Bulgari to Burgers | Italy Faces A Commercial Balancing Act
/Clearly I don’t understand the Italians as well as I thought. Perhaps I’m so jaded living in the depths of Smart Sensuality convictions that my good judgment about appropriate behavior has evaporated.
Having spent months of my life in Italy, living a wonderful love affair for five years with a well-known business executive, and having kissed the ground every time my plane landed on Italian soil, I was confounded to read that Julianne Moore’s Bulgari ad was deemed too sexy for Venice.
Personally, the ads were a bit disruptive to me — not for the discreet nakedness of Julianne Moore’s womanly body which has a long history of adulation in Italy, but for her cub friends. Making pets of wild animal babies is an unsettling message for Green Beings.
The New York Times visits the challenges of restoring Venice in a commercial world where corporate sponsorship of places and events involves not a quiet donation to preserving the planet but a typically visual announcement that can be seen for miles.
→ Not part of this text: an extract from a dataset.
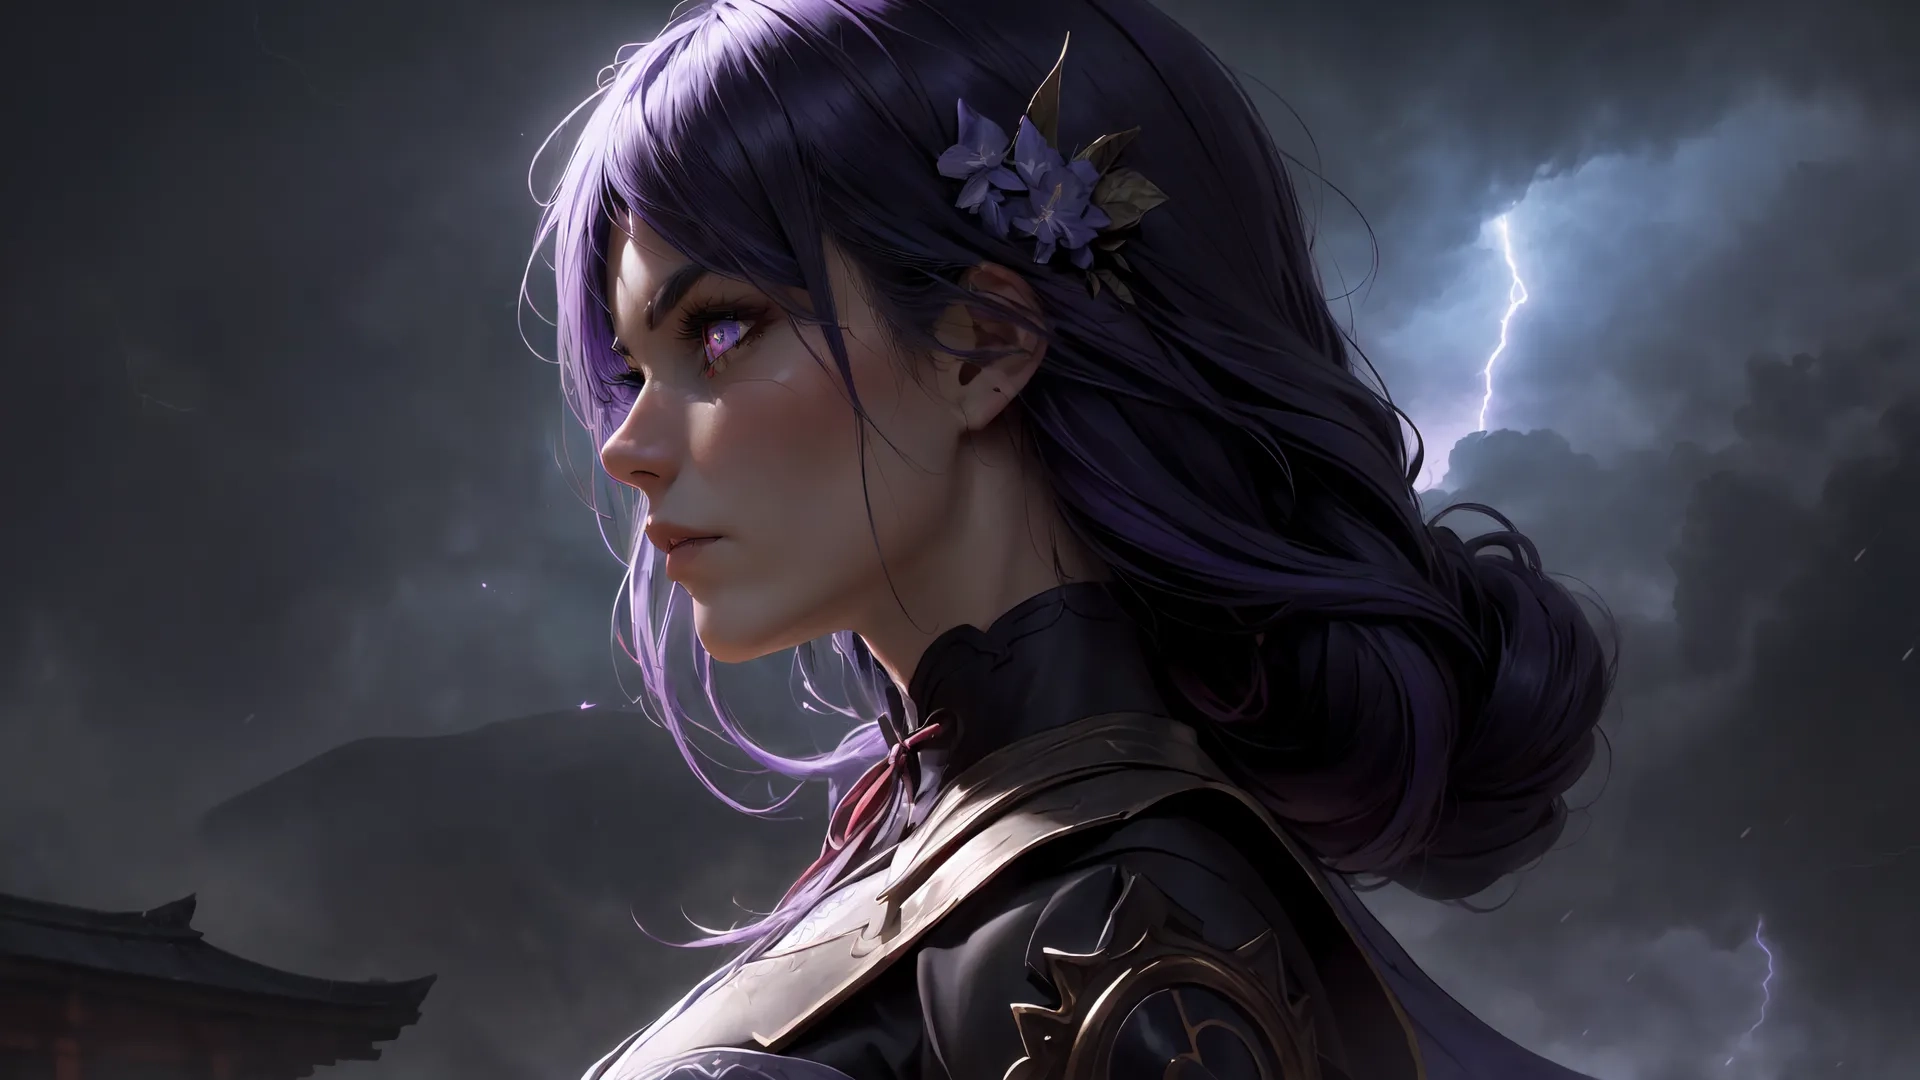 the young woman is holding her weapon on a stormy background, and has a purple hair in front of her face with lightning clouds above and mountains in the sky behind her
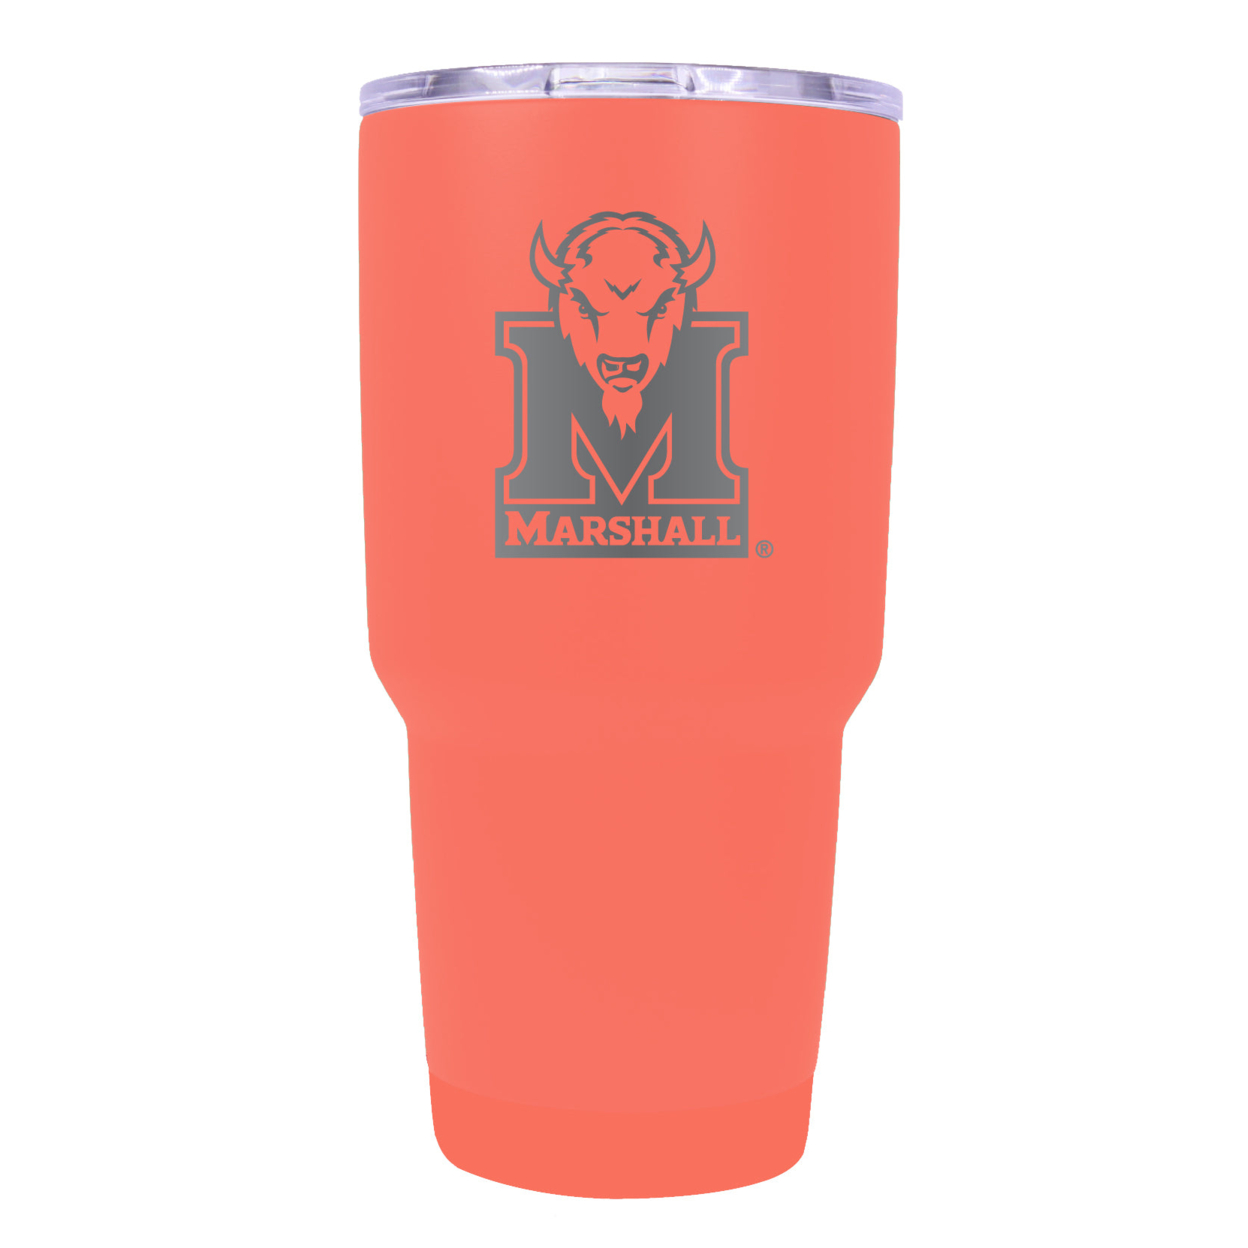 Marshall Thundering Herd 24 Oz Insulated Tumbler Etched - Choose Your Color - Coral

Here’s the officially-approved Bulgari ad that is inspiring Italian lovers, and I stand by my initial preference. Without the blue clouds outlining the image, the ad would blend so beautifully into the landscape, that it might belong there — as images of nude women have graced this country for thousands of years.
When the Coke billboards and vending machines went up around the Piazza San Marco this summer, impassioned Venetians exploded in anger.